╭─ Raw data
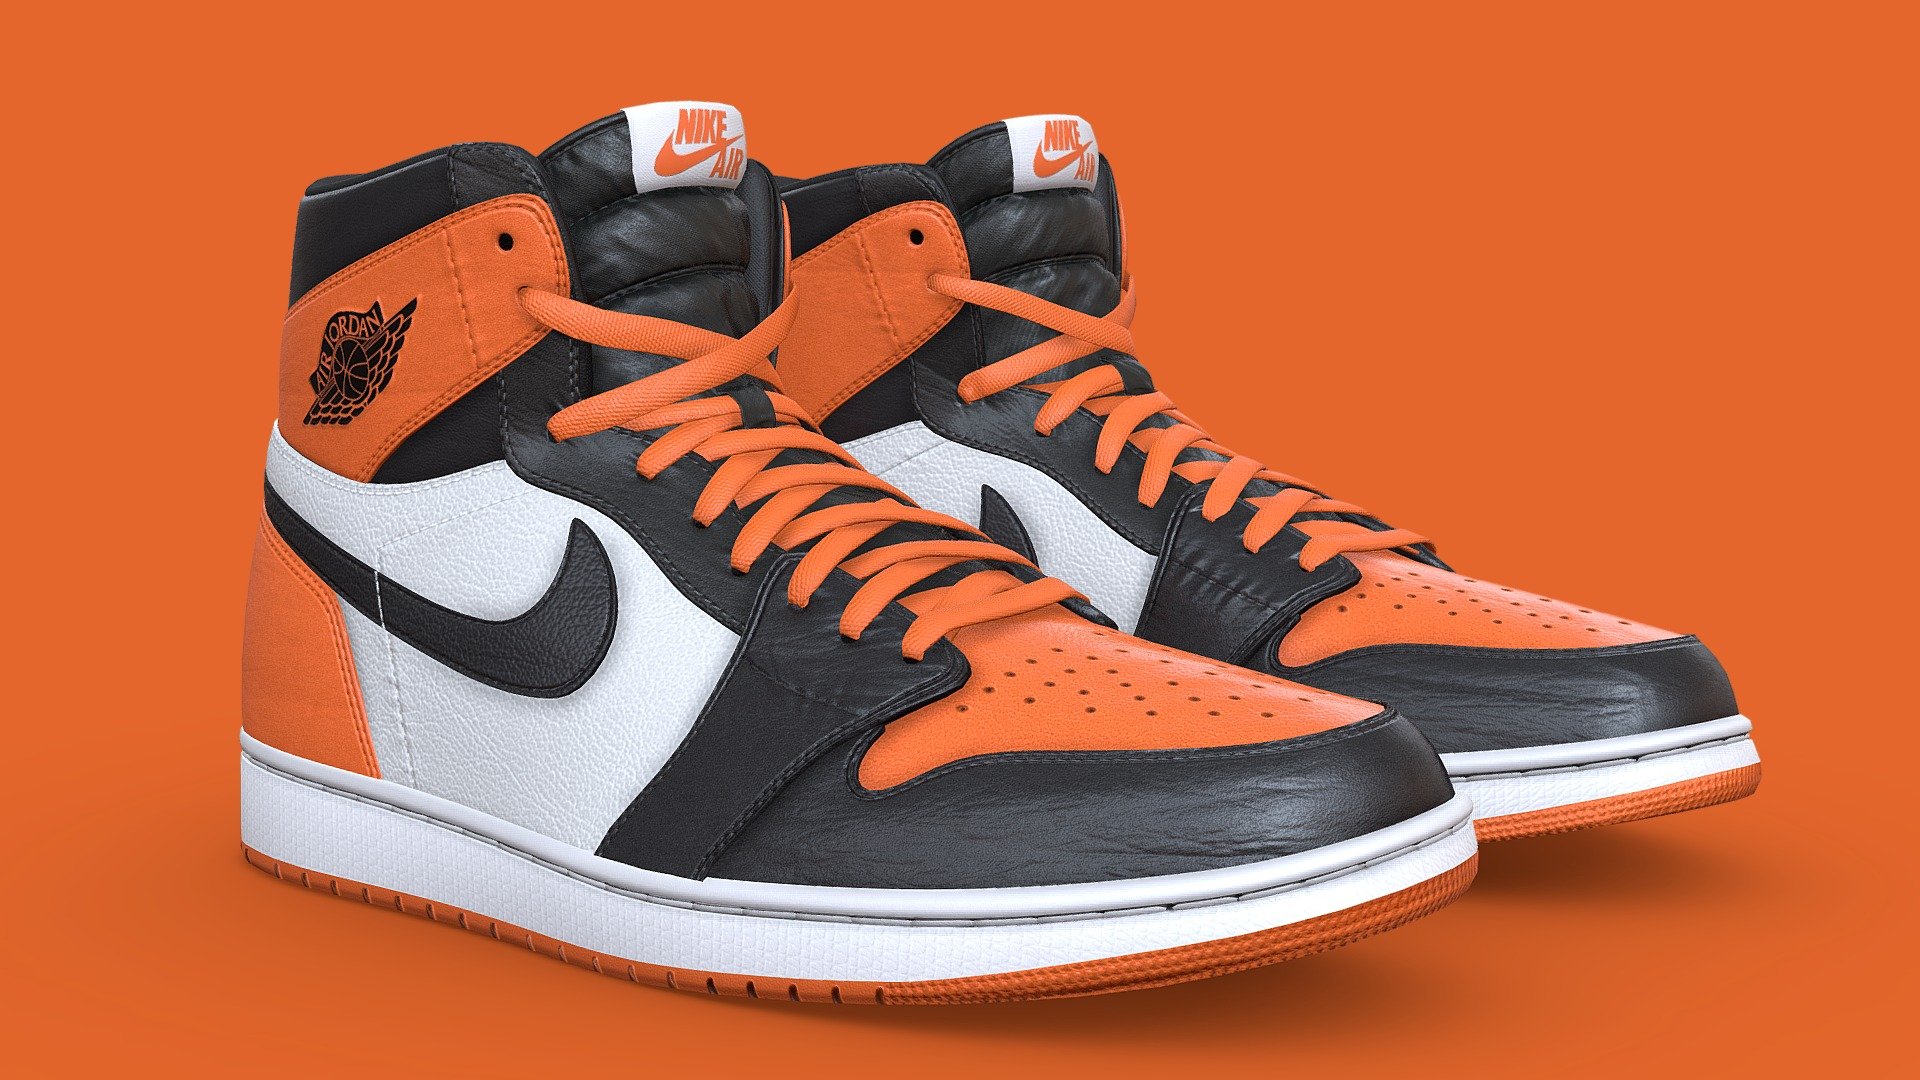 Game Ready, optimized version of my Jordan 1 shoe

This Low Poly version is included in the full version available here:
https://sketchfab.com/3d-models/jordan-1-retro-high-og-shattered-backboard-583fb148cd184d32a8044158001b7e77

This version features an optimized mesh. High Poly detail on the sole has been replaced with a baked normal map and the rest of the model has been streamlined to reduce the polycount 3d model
╰─
* Problem description: All lines that include the word "Poly" must be copied from the material above.

* Your solution:
This Low Poly version is included in the full version available here:
This version features an optimized mesh. High Poly detail on the sole has been replaced with a baked normal map and the rest of the model has been streamlined to reduce the polycount 3d model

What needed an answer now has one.